考虑我们如果确定了最终态 \(B = (B_1, B_2, ..., B_n)\),如何计算最少操作次数。
显然从左往右依次使 \(A_i = B_i\)。当操作到第 \(i\) 个位置时,此时 \(A'_i = \sum\limits_{j = 1}^i A_j - B_j\),所需操作次数为 \(|A'_i|\)。令 \(C_i = \sum\limits_{j = 1}^i A_j - B_j\),最少操作次数为 \(\sum\limits_{i = 1}^n |C_i|\)。
设 \(s = \sum\limits_{i = 1}^n A_i, r = s \bmod n\),那么最终态一定有 \(r\) 个 \(\left\lfloor\frac{s}{n}\right\rfloor + 1\),\(n - r\) 个 \(\left\lfloor\frac{s}{n}\right\rfloor\)。考虑 dp,设 \(f_{i, j}\) 为考虑到第 \(i\) 个位置,当前有 \(j\) 个 \(\left\lfloor\frac{s}{n}\right\rfloor + 1\)。转移讨论第 \(i\) 个位置取 \(\left\lfloor\frac{s}{n}\right\rfloor\) 还是 \(\left\lfloor\frac{s}{n}\right\rfloor + 1\) 即可。因为知道 \(j\),所以 \(C_i\) 能算出来,操作次数也能知道。
时间复杂度 \(O(n^2)\)。
code
// Problem: G - Approximate Equalization
// Contest: AtCoder - Tokio Marine & Nichido Fire Insurance Programming Contest 2023(AtCoder Beginner Contest 307)
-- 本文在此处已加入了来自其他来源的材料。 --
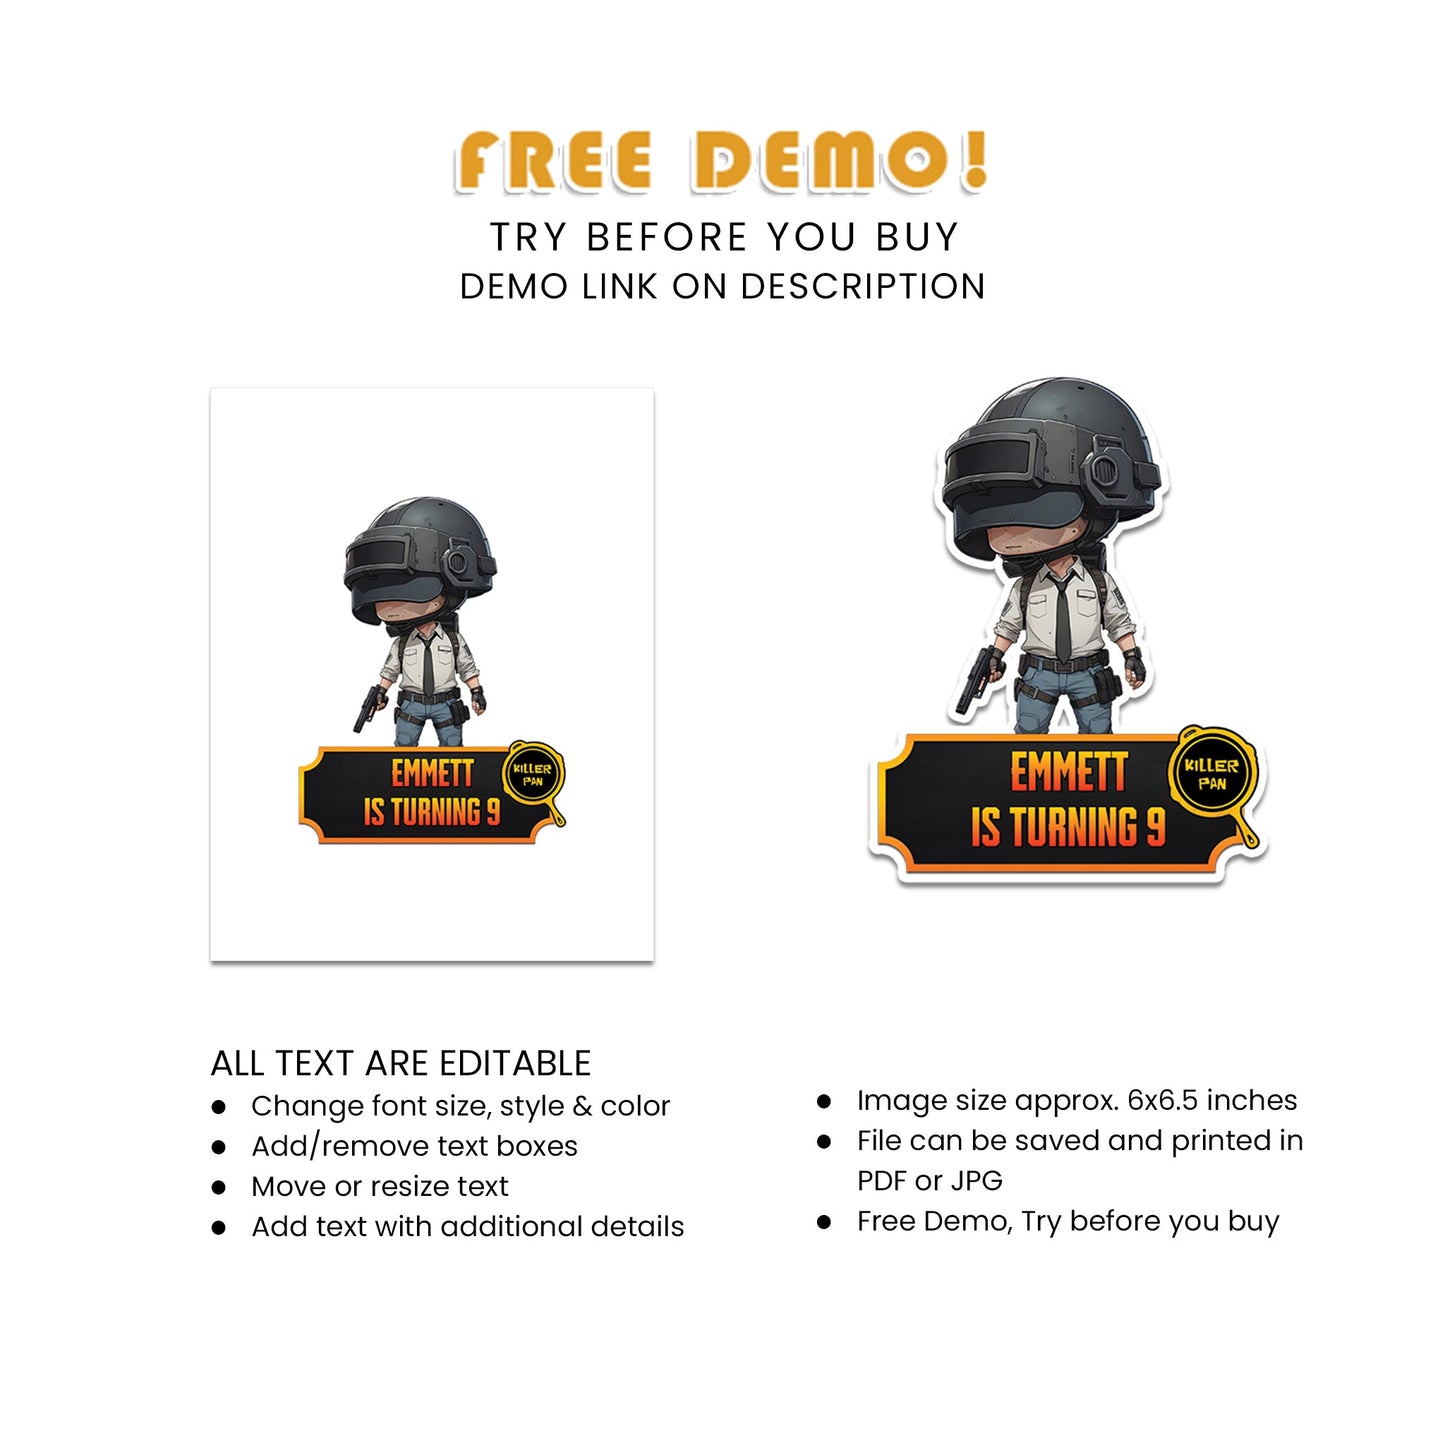 Custom PUBG Cake Toppers for Epic Battle Royale Celebrations - Level Up Your Party Game

// URL: https://atcoder.jp/contests/abc307/tasks/abc307_g
// Memory Limit: 1024 MB
// Time Limit: 2000 ms
//
// Powered by CP Editor (https://cpeditor.org)
#include <bits/stdc++.h>
#define pb emplace_back
#define fst first
#define scd second
#define mems(a, x) memset((a), (x), sizeof(a))
using namespace std;
typedef long long ll;
typedef unsigned long long ull;
typedef double db;
typedef long double ldb;
typedef pair<ll, ll> pii;
const int maxn = 5050;
ll n, a[maxn], f[maxn][maxn], b[maxn];
void solve() {
scanf("%lld", &n);
ll s = 0;
for (int i = 1; i <= n; ++i) {
scanf("%lld", &a[i]);
s += a[i];
}
ll r = (s % n + n) % n;
s = (s - r) / n;
for (int i = 1; i <= n; ++i) {
b[i] = b[i - 1] + a[i] - s;
}
mems(f, 0x3f);
f[0][0] = 0;
for (int i = 1; i <= n; ++i) {
for (int j = 0; j <= i; ++j) {
f[i][j] = f[i - 1][j];
if (j) {
f[i][j] = min(f[i][j], f[i - 1][j - 1]);
}
f[i][j] += abs(b[i] - j);
}
}
printf("%lld\n", f[n][r]);
}
int main() {
int T = 1;
// scanf("%d", &T);
while (T--) {
solve();
}
return 0;
}